### Exercise requirements
Restate word for word the material below, starting at the line that contains "View. When looking" and stopping after the last line; skip pictures.

### The data
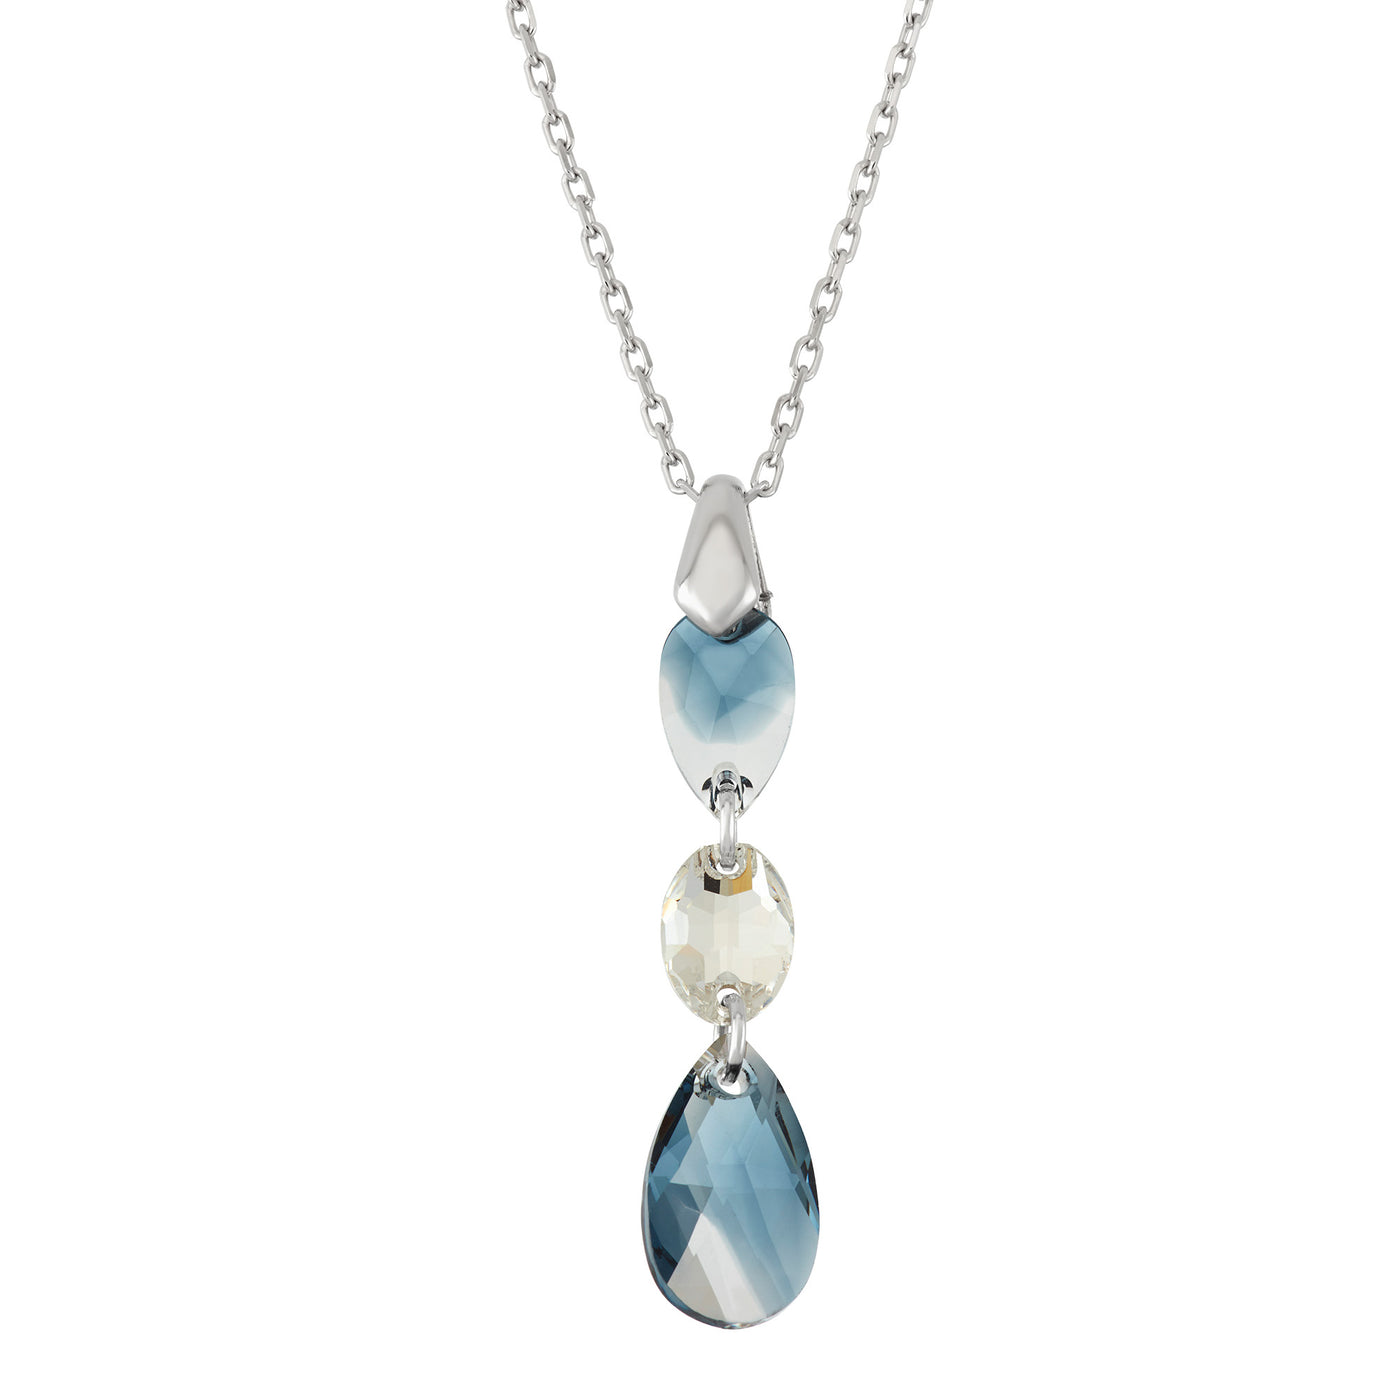 Rebecca Sloane Silver Tear Drop Oval Pendant With Blue Crystal
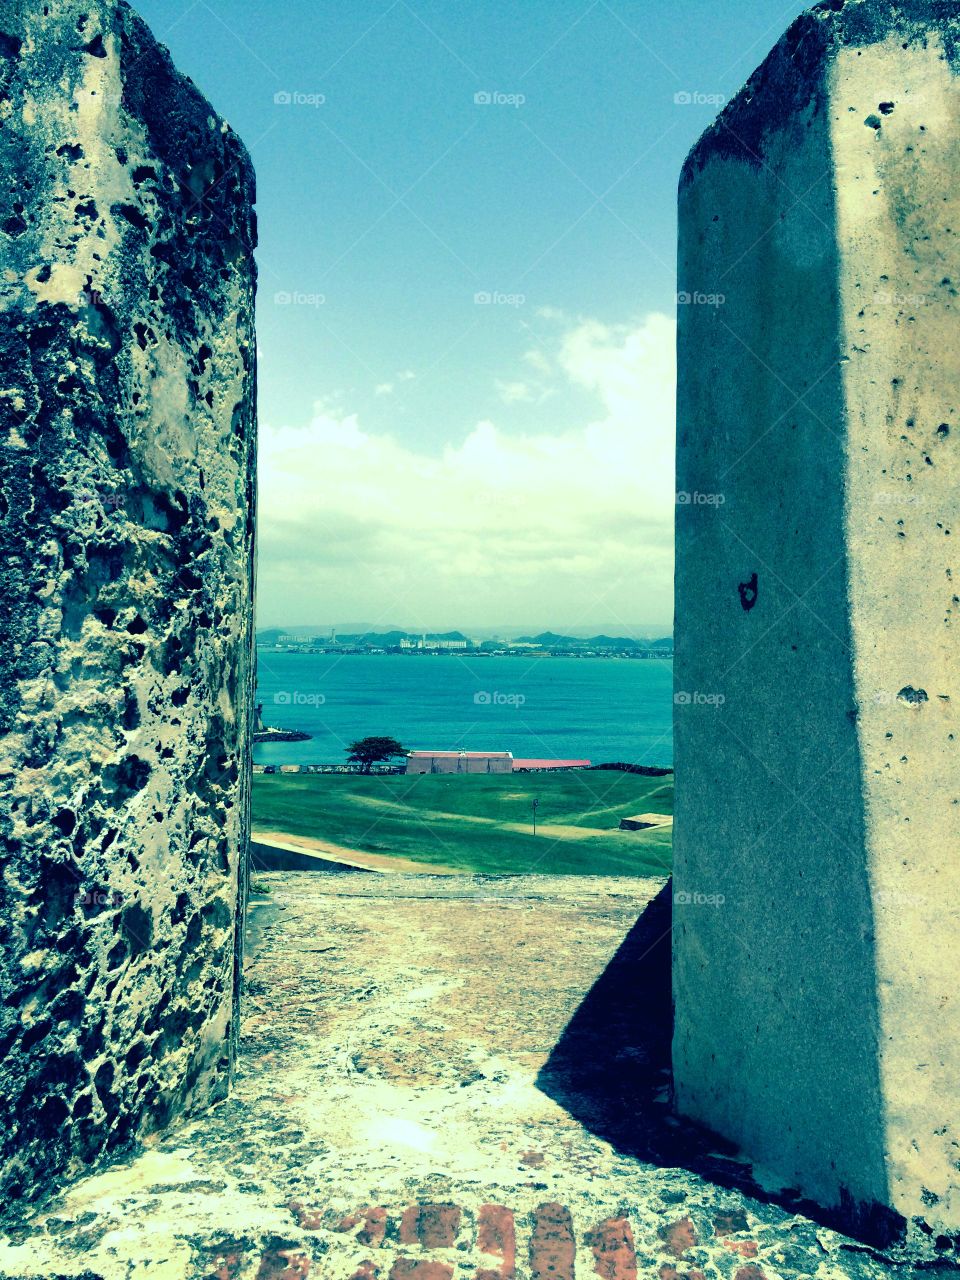 View. When looking between the crenellations of El Morro, the lovely San Juan harbor is a sight to see.
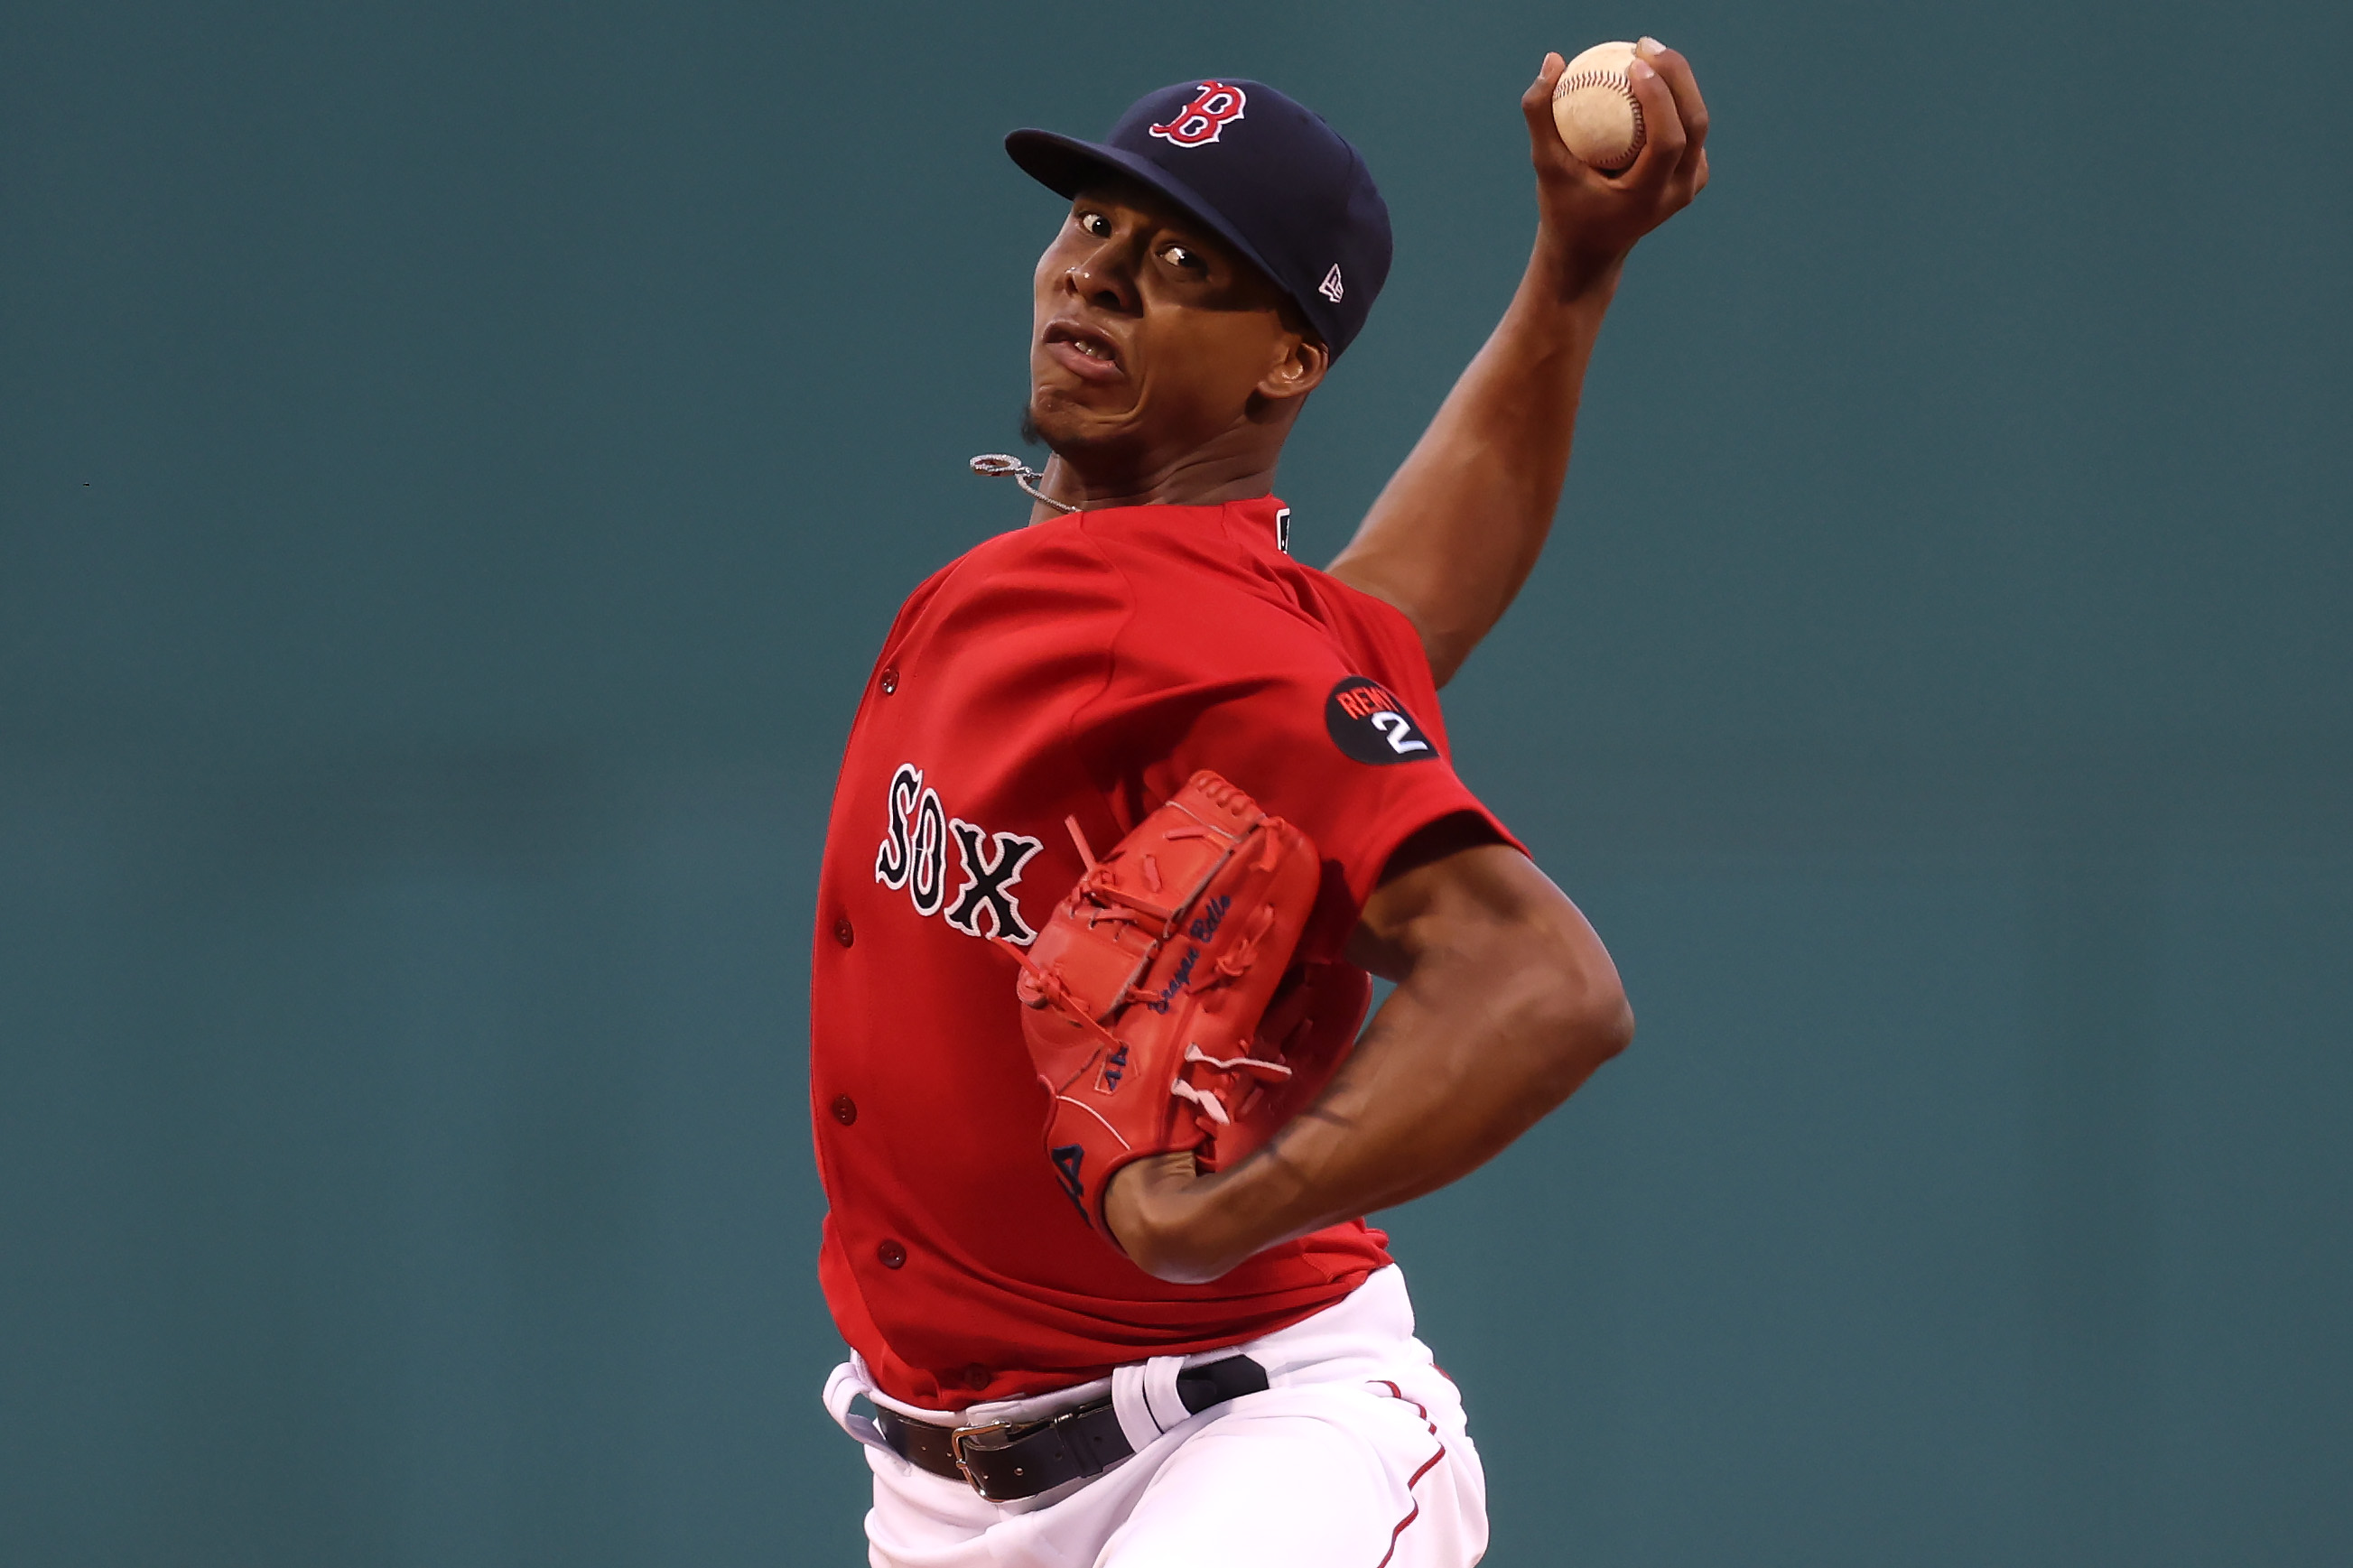 Red Sox well represented on MLB.com's Top 100 players ranking for 2022  season – NBC Sports Boston

### Answer space
 View. When looking between the crenellations of El Morro, the lovely San Juan harbor is a sight to see.
 Red Sox well represented on MLB.com's Top 100 players ranking for 2022  season – NBC Sports Boston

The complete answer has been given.